Web Scraping with Go (Colly Framework)

Learn web scraping with Go using the Colly framework. Covers installation, selectors, concurrency, and building production-ready scrapers.

Go is excellent for web scraping when you need speed and low resource usage. Colly is the most popular Go scraping framework, offering a clean API with built-in concurrency, rate limiting, and caching.

Installation

go mod init scraper
go get github.com/gocolly/colly/v2

Basic Scraper

package main

import (
    "fmt"
    "github.com/gocolly/colly/v2"
)

func main() {
    c := colly.NewCollector(
        colly.AllowedDomains("example.com"),
    )

    c.OnHTML("h1", func(e *colly.HTMLElement) {
        fmt.Println("Title:", e.Text)
    })

    c.OnHTML("a[href]", func(e *colly.HTMLElement) {
        link := e.Attr("href")
        fmt.Println("Link:", link)
    })

    c.OnRequest(func(r *colly.Request) {
        fmt.Println("Visiting:", r.URL.String())
    })

    c.Visit("https://example.com")
}

Scraping Product Data

package main

import (
    "encoding/json"
    "fmt"
    "github.com/gocolly/colly/v2"
    "os"
)

type Product struct {
    Name  string `json:"name"`
    Price string `json:"price"`
    URL   string `json:"url"`
}

func main() {
    var products []Product

    c := colly.NewCollector()

    c.OnHTML(".product-card", func(e *colly.HTMLElement) {
        product := Product{
            Name:  e.ChildText(".product-name"),
            Price: e.ChildText(".product-price"),
            URL:   e.ChildAttr("a", "href"),
        }
        products = append(products, product)
    })

    // Handle pagination
    c.OnHTML("a.next-page", func(e *colly.HTMLElement) {
        nextURL := e.Attr("href")
        e.Request.Visit(nextURL)
    })

    c.Visit("https://example.com/products")

    // Save results
    data, _ := json.MarshalIndent(products, "", "  ")
    os.WriteFile("products.json", data, 0644)
    fmt.Printf("Scraped %d products\n", len(products))
}

Concurrent Scraping with Rate Limiting

c := colly.NewCollector(
    colly.Async(true),
)

// Limit concurrency and add delays
c.Limit(&colly.LimitRule{
    DomainGlob:  "*",
    Parallelism: 5,
    Delay:       1 * time.Second,
    RandomDelay: 500 * time.Millisecond,
})

// Queue all URLs
for _, url := range urls {
    c.Visit(url)
}

c.Wait() // Wait for all async requests to complete

Using with ScraperAPI

Route requests through ScraperAPI for anti-bot bypass.

c := colly.NewCollector()

// Use ScraperAPI as a proxy
c.SetProxy("http://scraperapi:YOUR_SCRAPERAPI_KEY@proxy-server.scraperapi.com:8001")

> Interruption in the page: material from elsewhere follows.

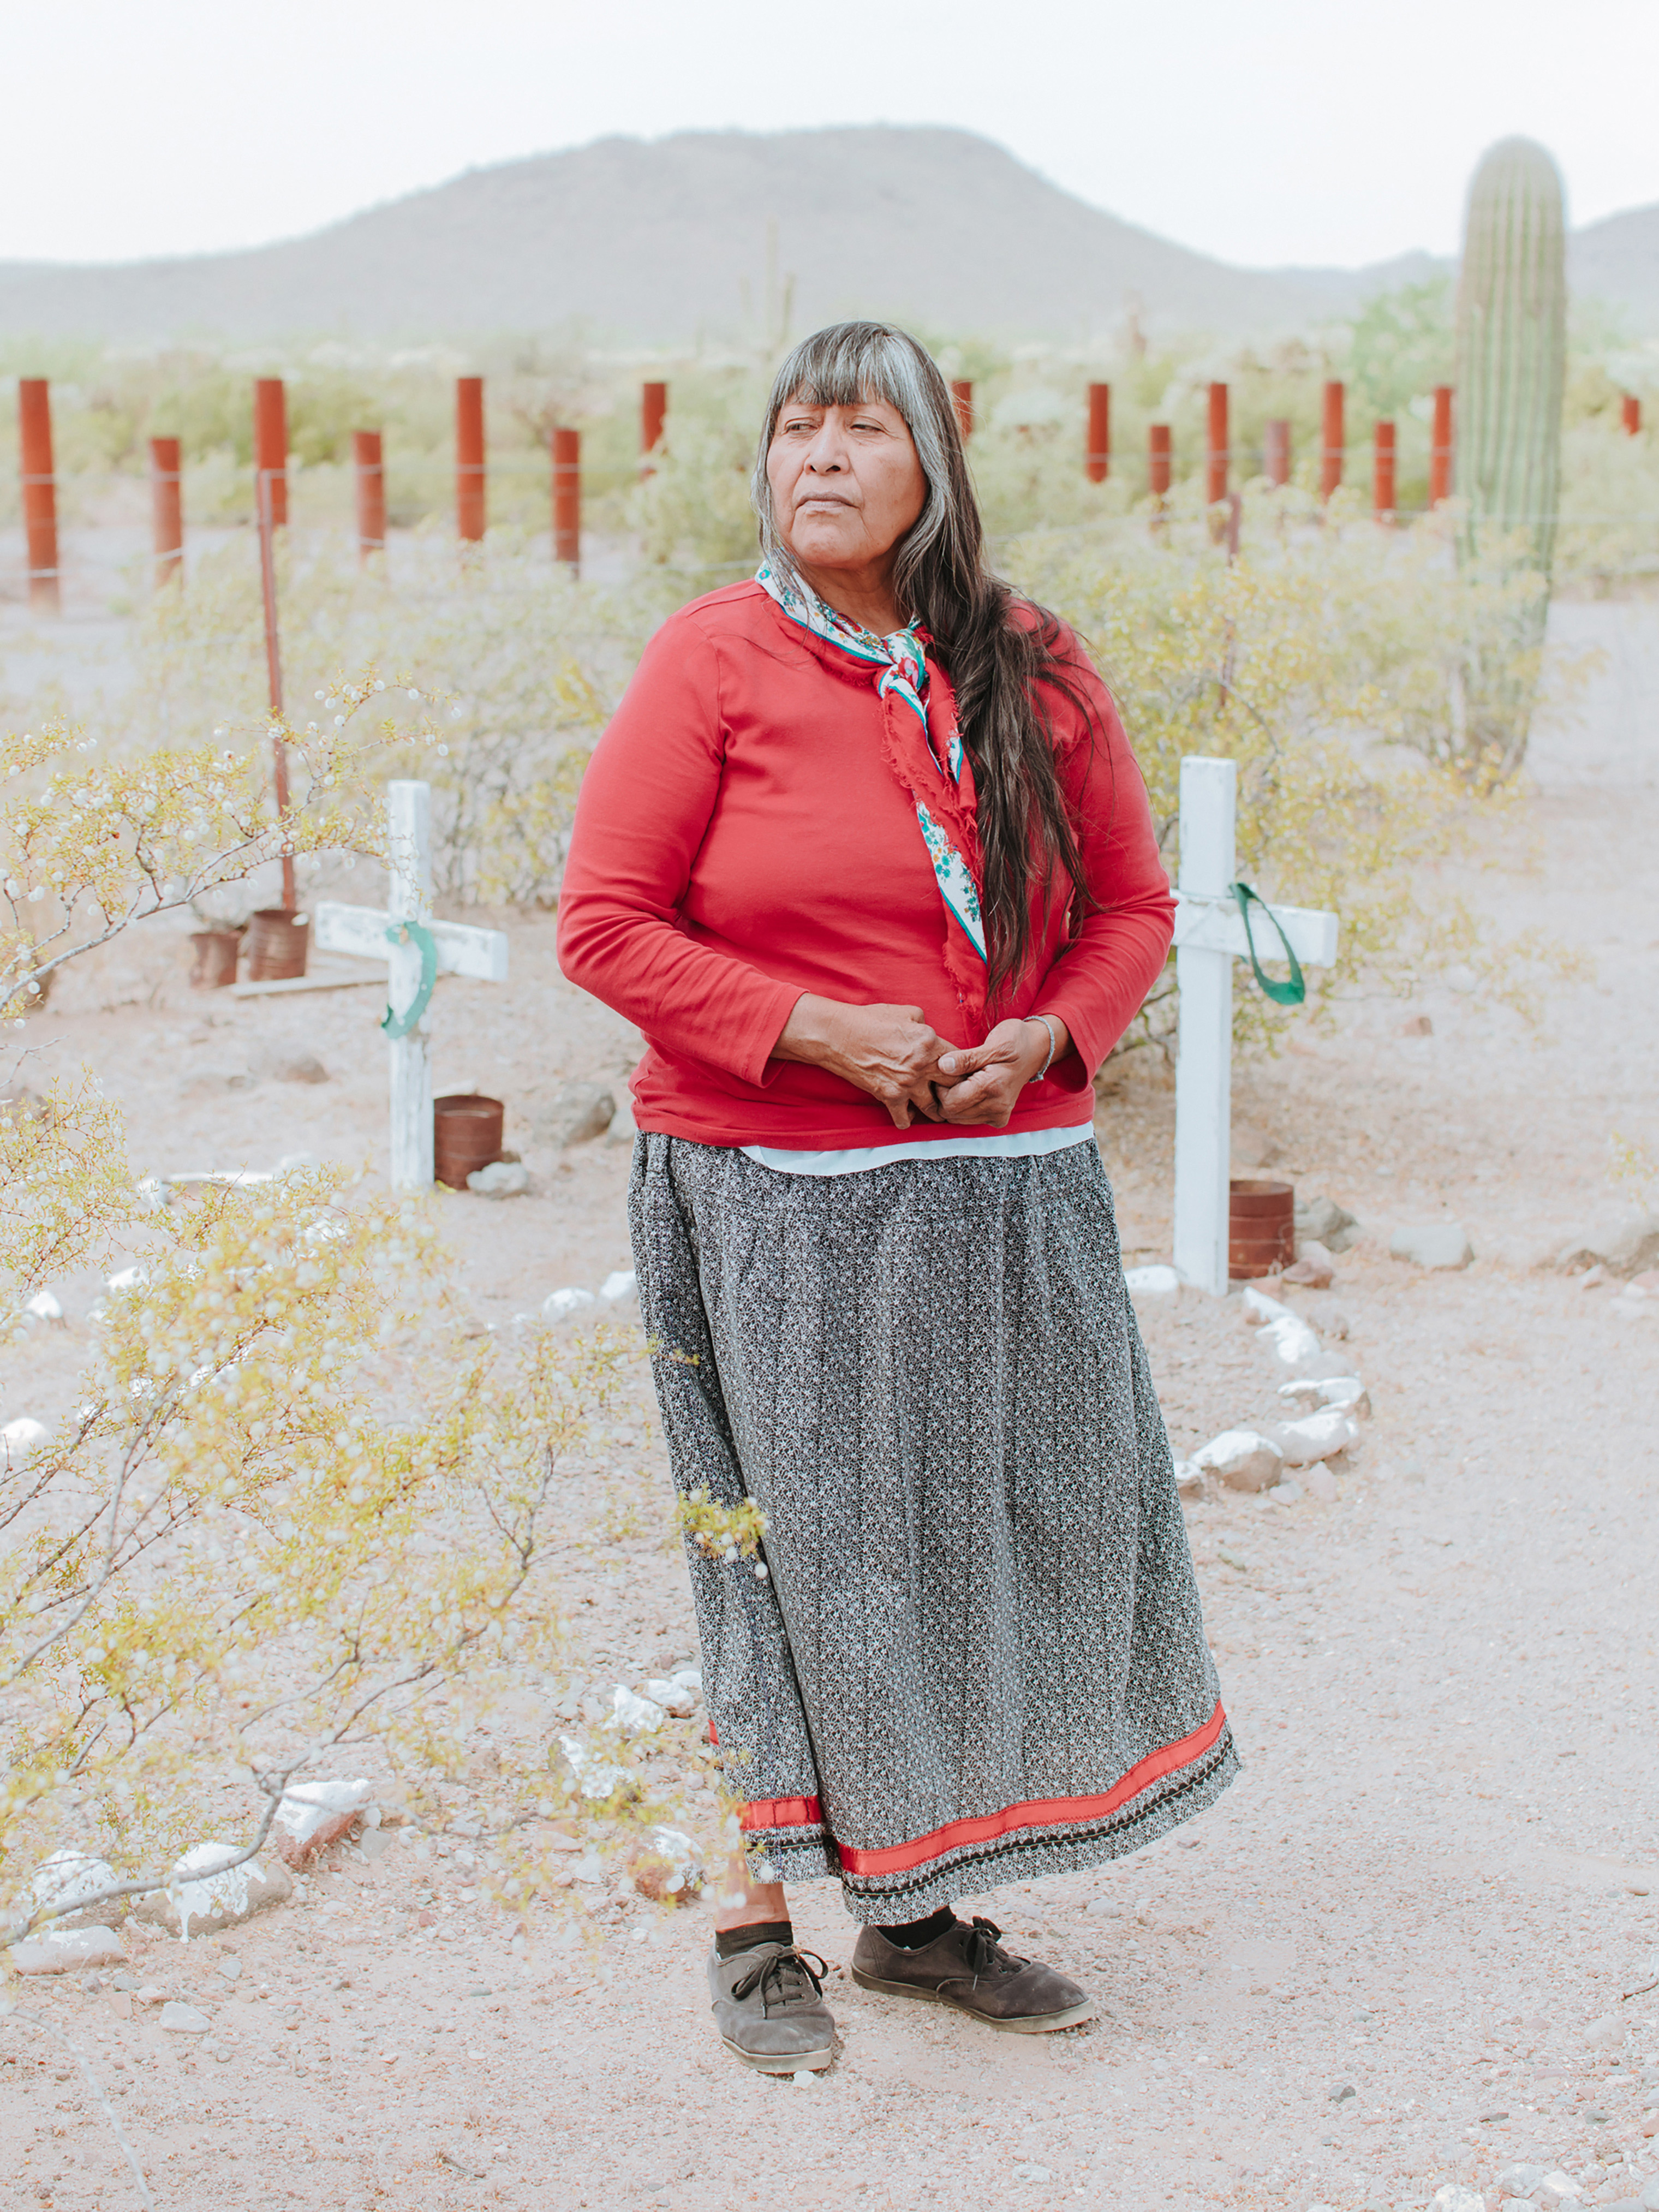 Ofelia Rivas poses in front of crosses her father made, marking the graves of two migrants who died from dehydration years before she was born in Tohono O'odham Nation, Ali Jek, Ariz. (Elliot Ross)

// Or modify the request URL
c.OnRequest(func(r *colly.Request) {
    originalURL := r.URL.String()
    apiURL := fmt.Sprintf(
        "http://api.scraperapi.com?api_key=%s&url=%s",
        "YOUR_SCRAPERAPI_KEY",
        url.QueryEscape(originalURL),
    )
    r.URL, _ = url.Parse(apiURL)
})

Error Handling and Retries

c.OnError(func(r *colly.Response, err error) {
    fmt.Printf("Error on %s: %v (status: %d)\n",
        r.Request.URL, err, r.StatusCode)

    // Retry on failure
    if r.StatusCode == 429 || r.StatusCode >= 500 {
        time.Sleep(5 * time.Second)
        r.Request.Retry()
    }
})

Why Choose Go for Scraping

Performance, Go processes responses 5-10x faster than Python for HTML parsing
Concurrency, Goroutines handle thousands of concurrent requests efficiently
Low memory, Go uses significantly less memory than Python or Node.js
Single binary, Deploy your scraper as a single compiled binary with no dependencies

Go with Colly is the best choice when you need high-throughput scraping with minimal resource usage. For projects where development speed matters more than runtime performance, Python remains easier.